Publié le 4 juin 2006 Lecture : 8 minutes.

Le samedi 31 janvier 2004, vers 13 heures, Laurent Gabgbo pose la première pierre du futur palais de la présidence de la République de Yamoussoukro, manifestant par là même son désir de rendre irréversible le transfert de la capitale ivoirienne d’Abidjan vers l’intérieur du pays. Ce n’est pas le moindre des paradoxes de voir cet homme qui, en 1983, alors dans l’opposition et exilé à Paris, s’était farouchement opposé à ce transfert s’en faire aujourd’hui l’ardent promoteur (voir pp. III à V).

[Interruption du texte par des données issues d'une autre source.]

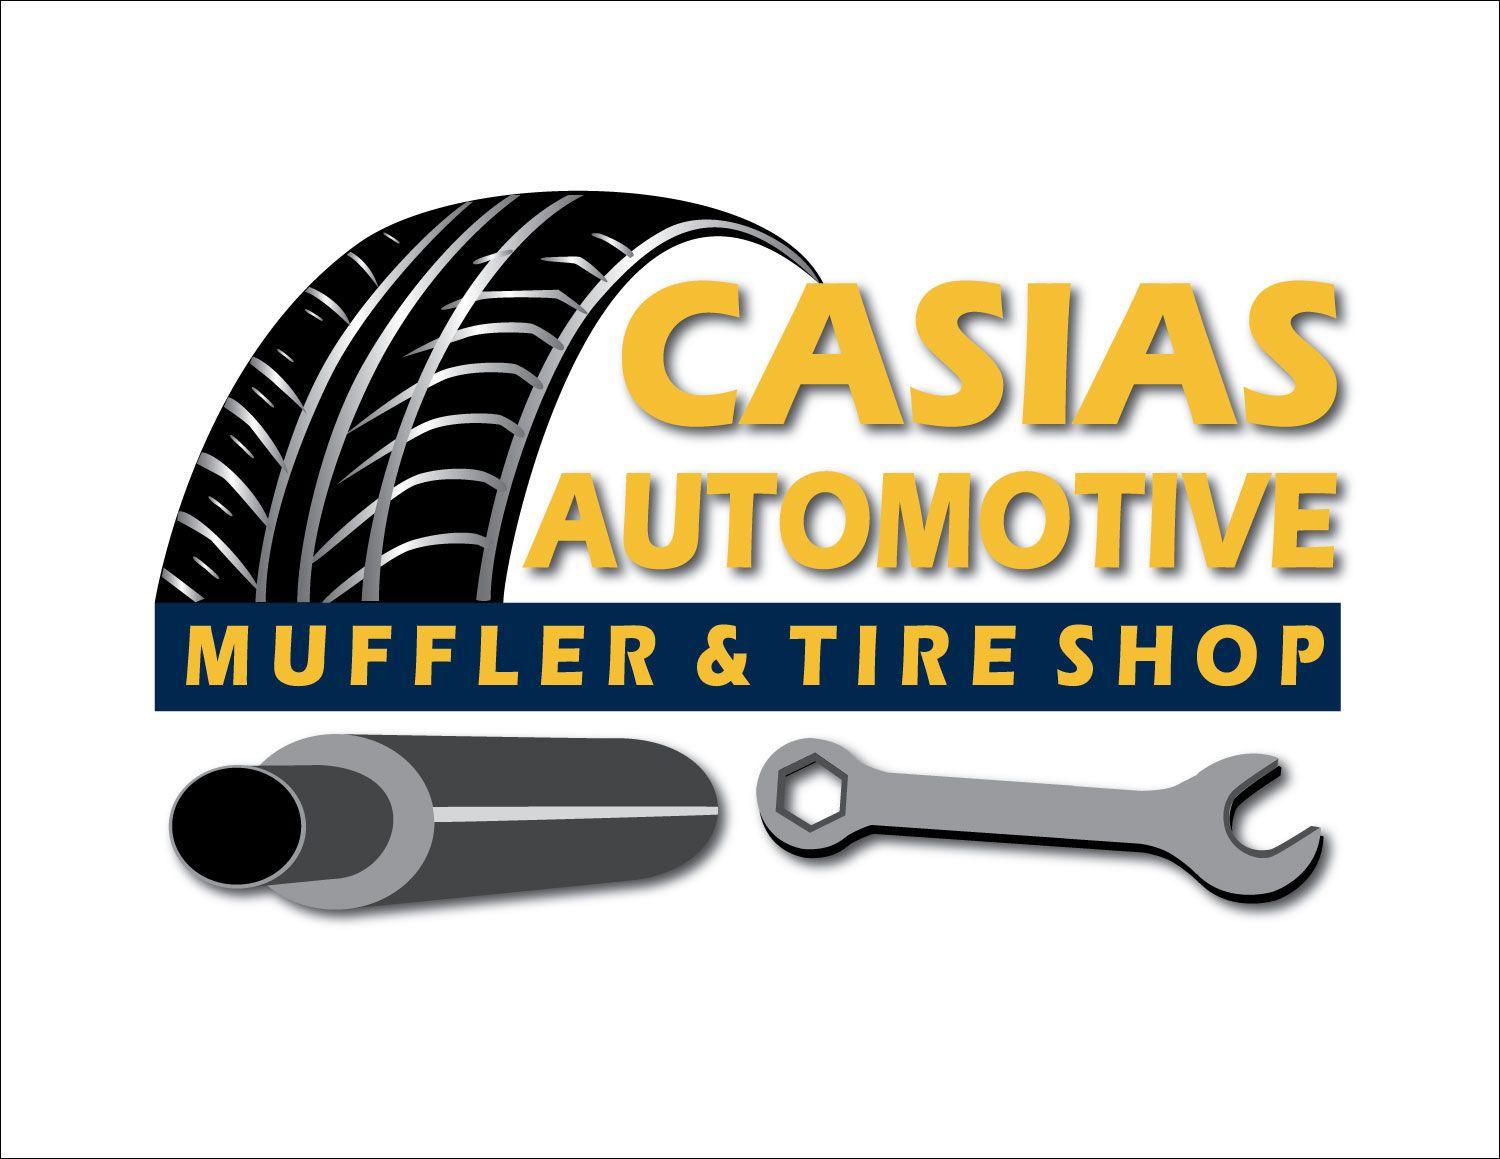 Automotive Tire Shop Logo - Casias Tire Shop. Better Business Bureau® Profile

Comment expliquer un tel retournement ? Le chef de l’État répond que beaucoup d’argent a été investi dans ce projet et qu’en tant que « gérant des biens du pays », il ne souhaite pas perdre le bénéfice des investissements réalisés. De fait, peu de temps après son élection, survenue en octobre 2000, Laurent Gbagbo profitait d’un déplacement à Yamoussoukro en mars 2001 pour annoncer un prochain « transfert effectif » de la capitale. Le mois suivant, comme pour traduire en actes la détermination du président à aller de l’avant, l’Assemblée nationale tenait une session sur place, dans des locaux du PDCI, la formation créée par Houphouët-Boigny.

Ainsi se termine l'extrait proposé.